### Information provided
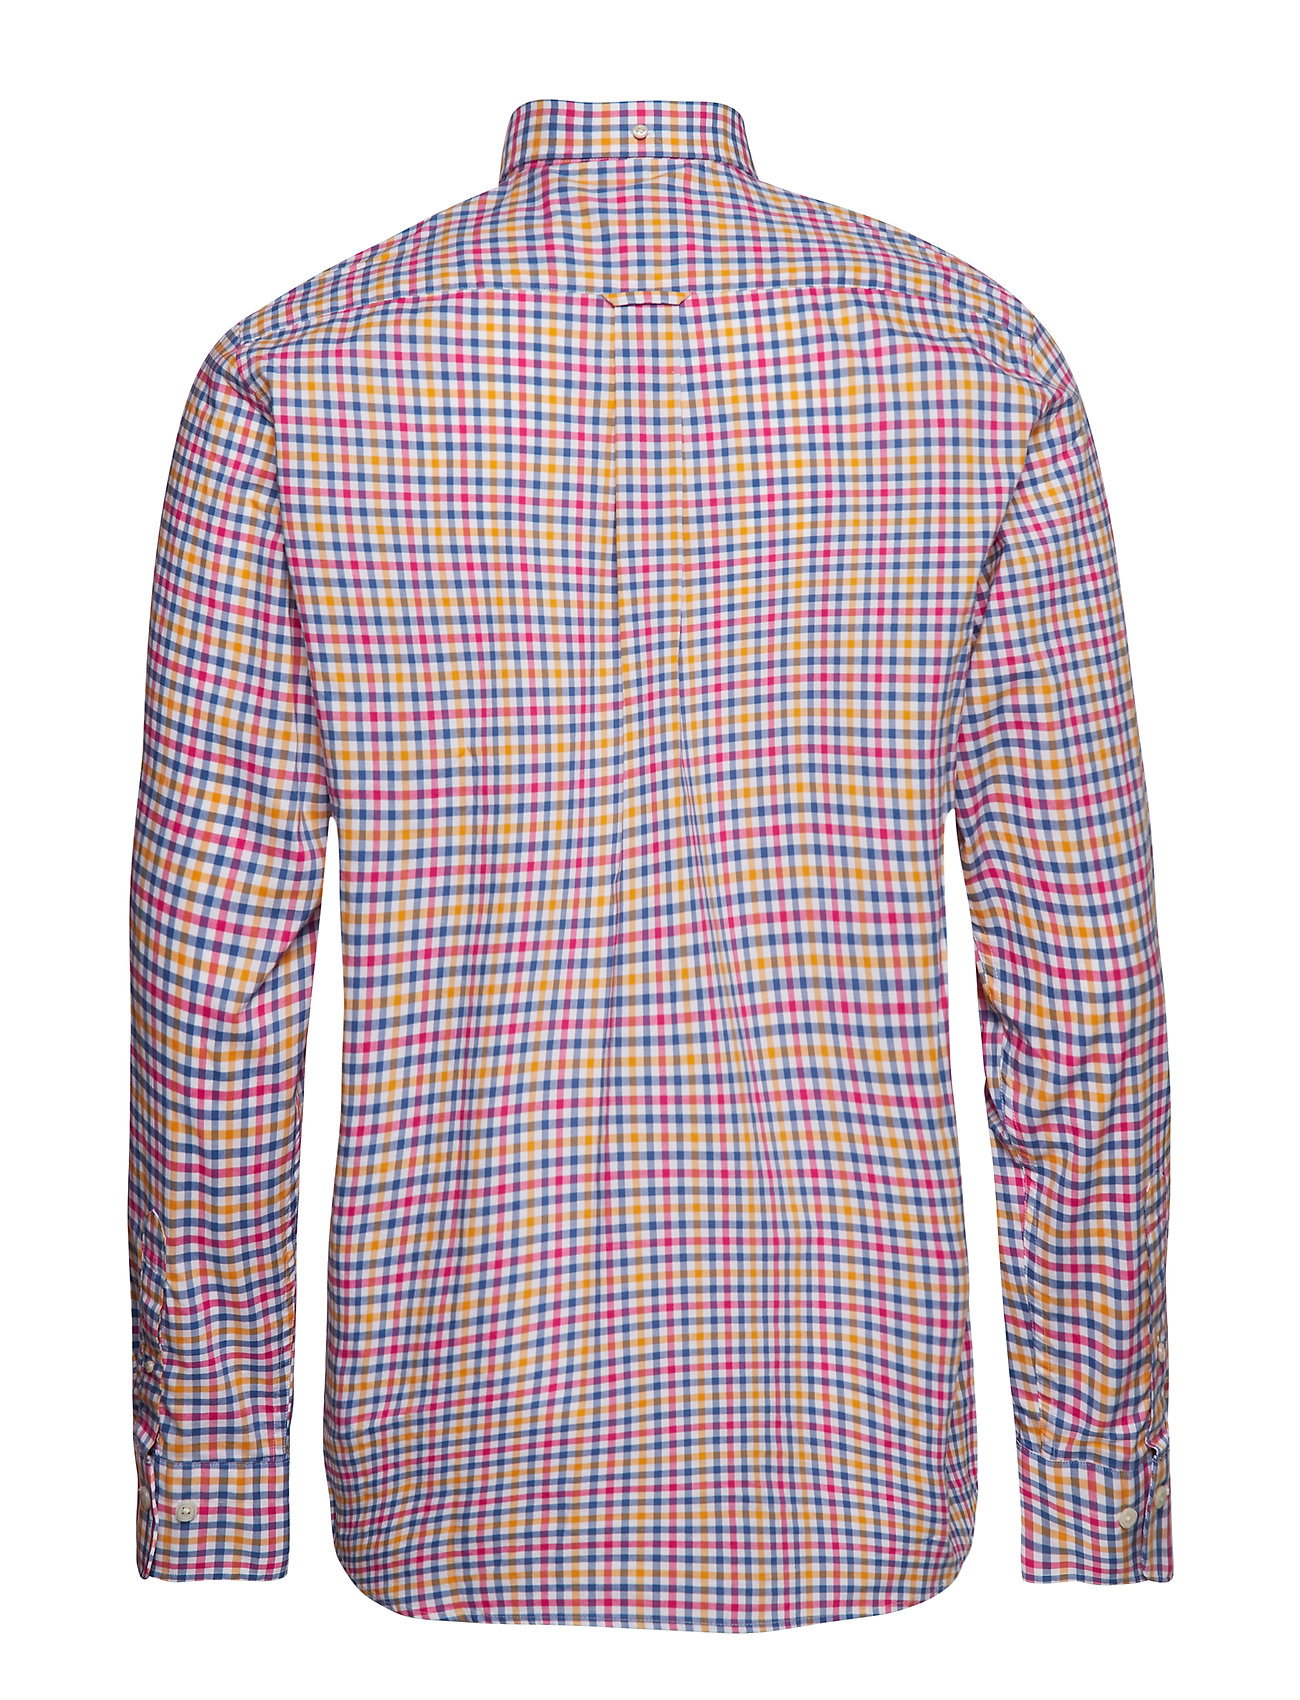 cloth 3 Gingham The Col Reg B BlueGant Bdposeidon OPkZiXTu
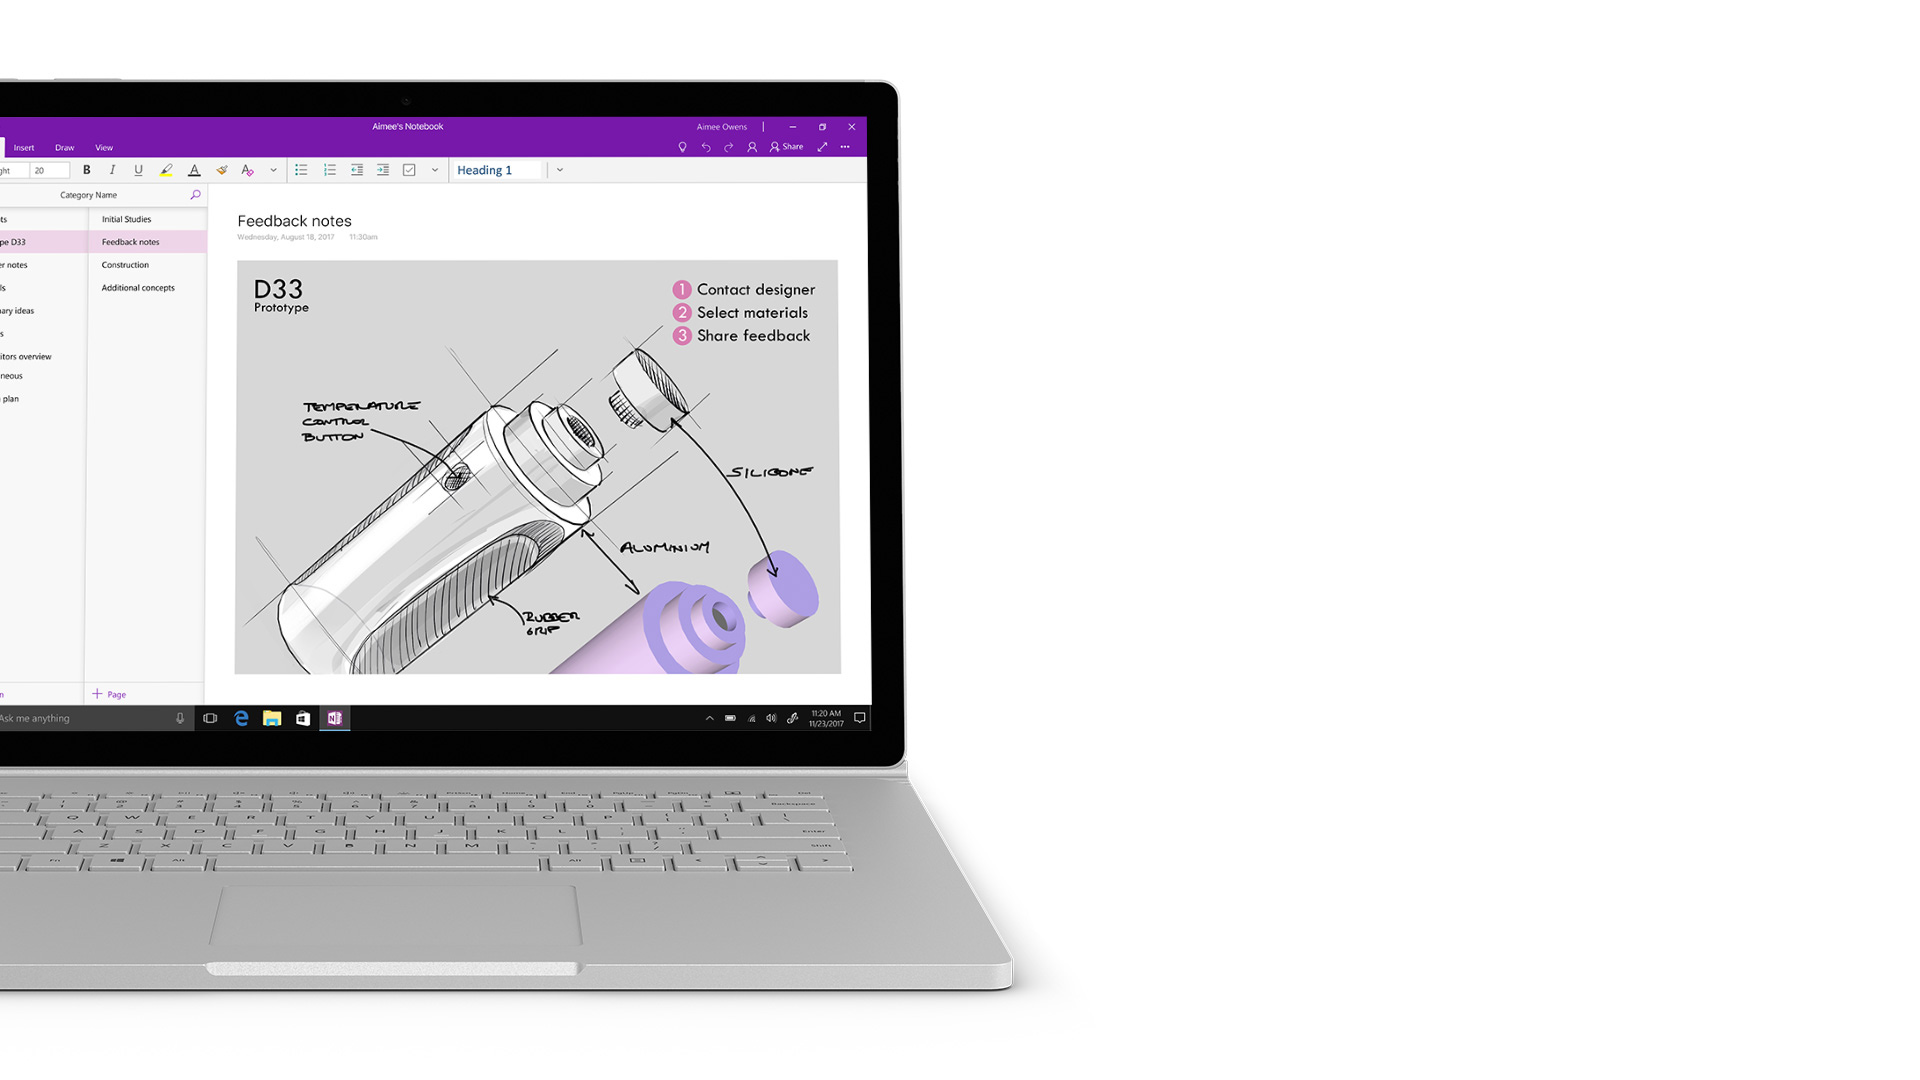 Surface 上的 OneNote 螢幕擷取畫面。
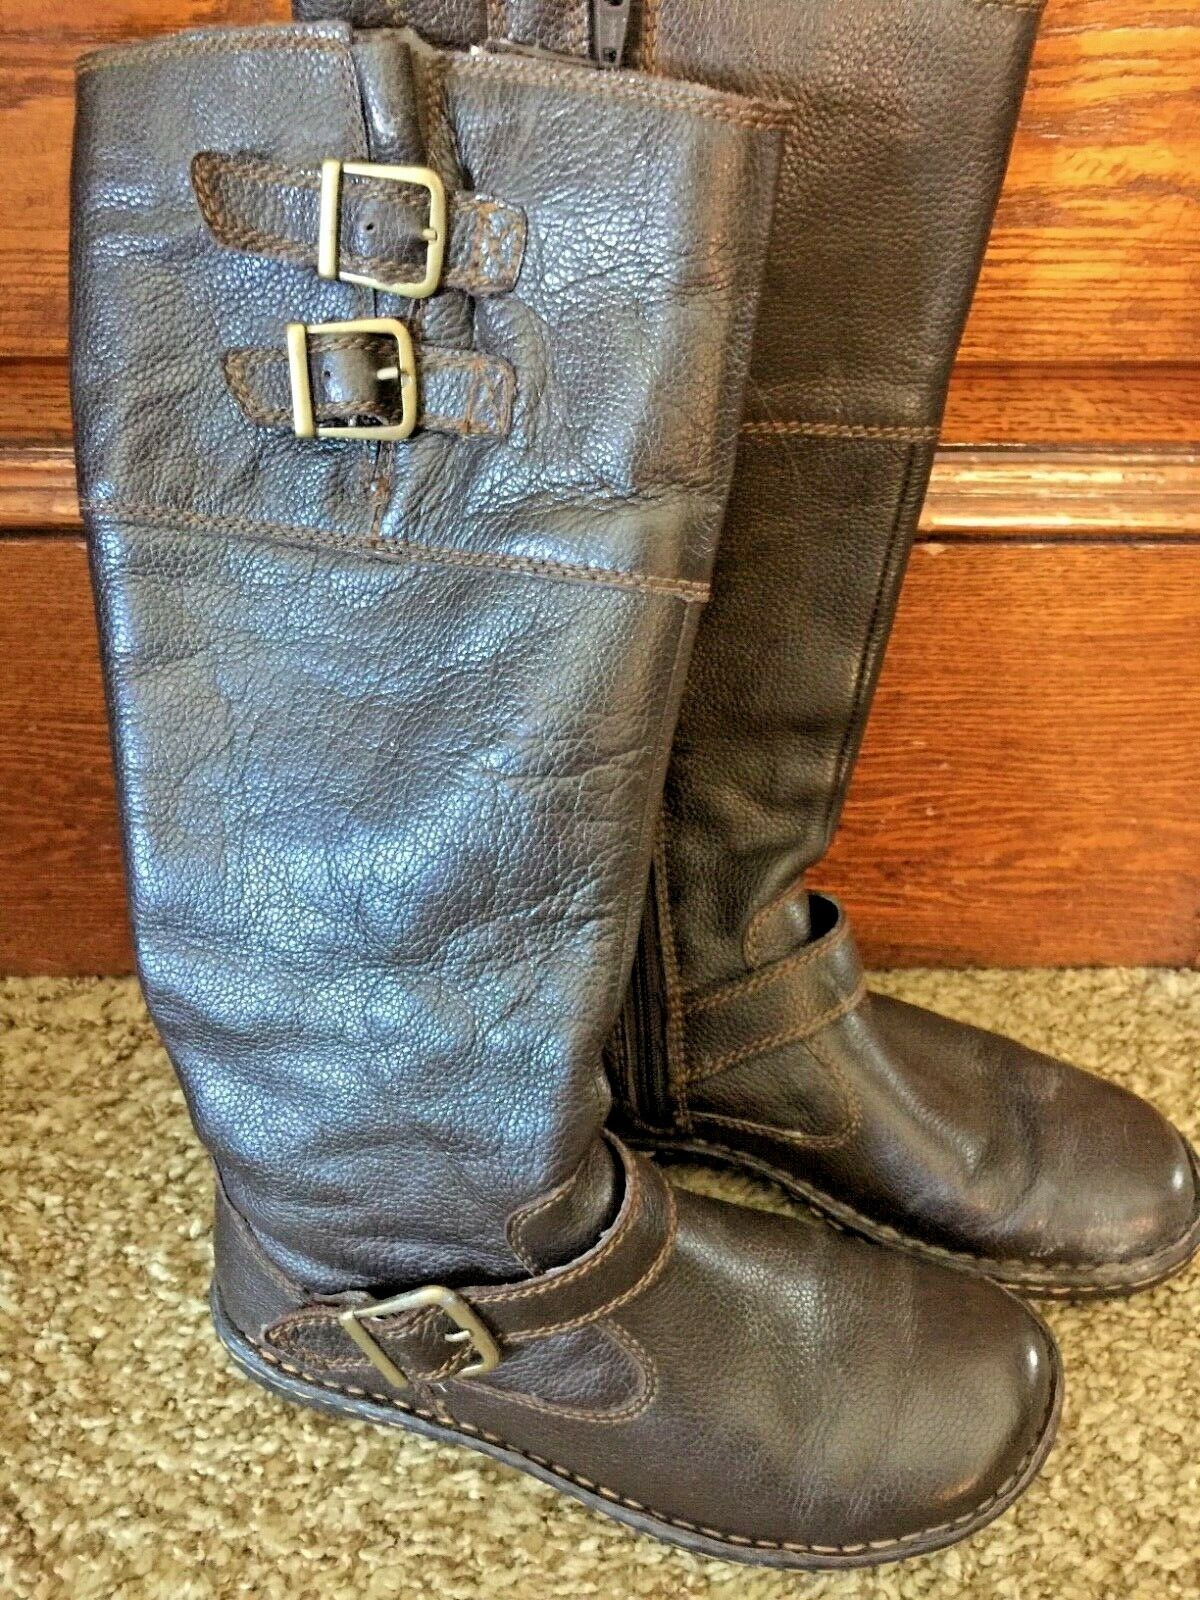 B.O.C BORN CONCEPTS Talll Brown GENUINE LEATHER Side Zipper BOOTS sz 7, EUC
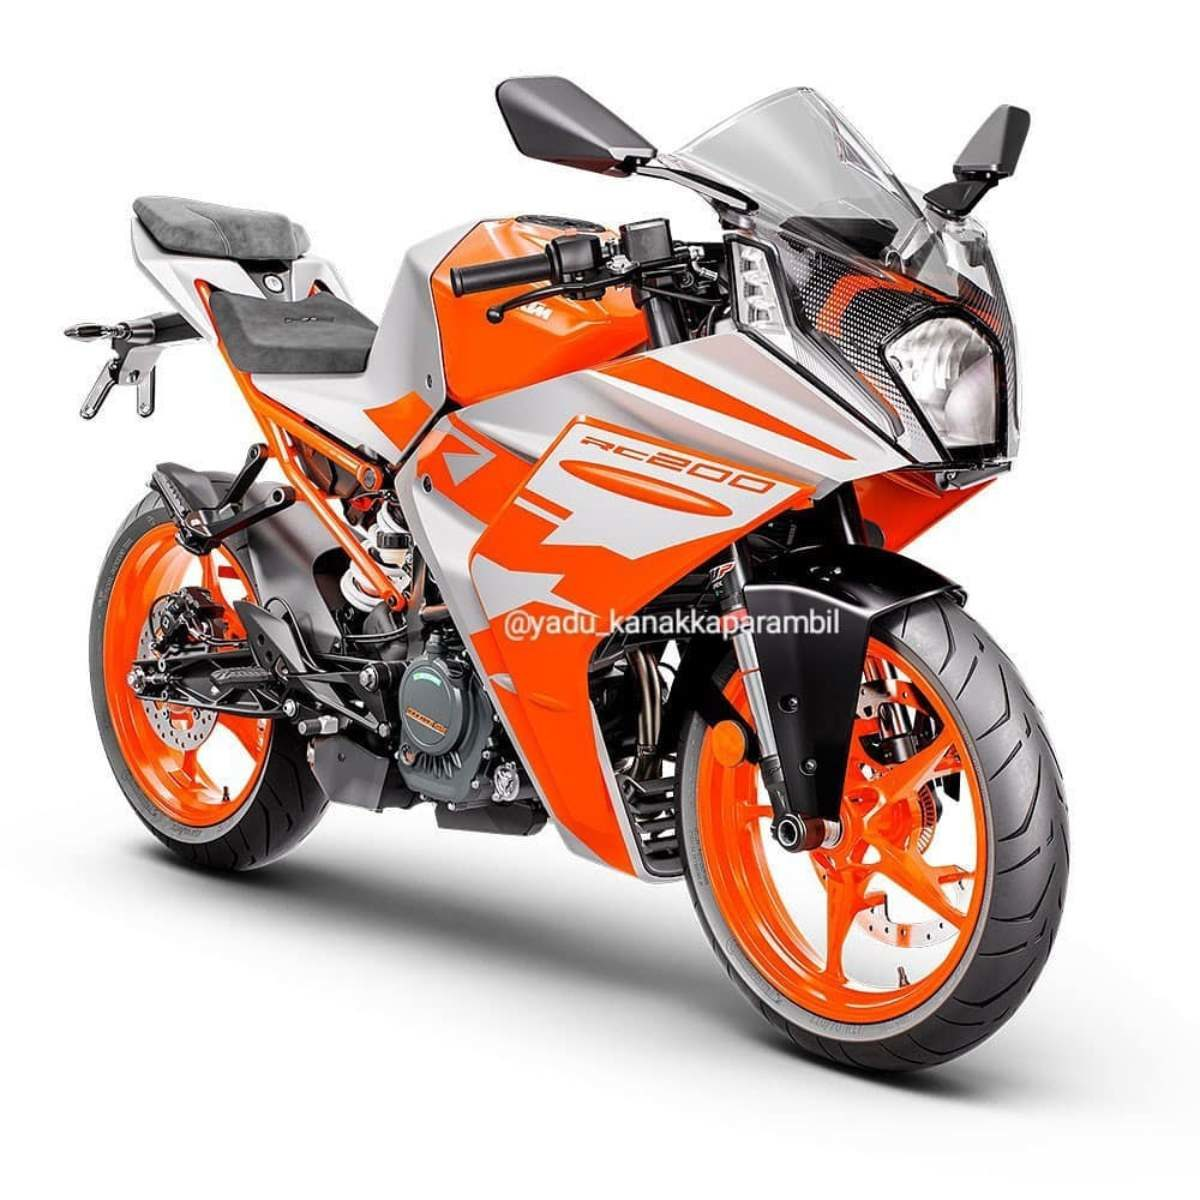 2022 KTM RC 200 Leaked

### Work to be completed
Extract the run of lines from the line holding "Surface 上的 OneNote 螢幕擷取畫面。" through the final line of the material above, exactly and inclusively. Leave the pictures behind.

### Solution for this exercise
 Surface 上的 OneNote 螢幕擷取畫面。
 B.O.C BORN CONCEPTS Talll Brown GENUINE LEATHER Side Zipper BOOTS sz 7, EUC
 2022 KTM RC 200 Leaked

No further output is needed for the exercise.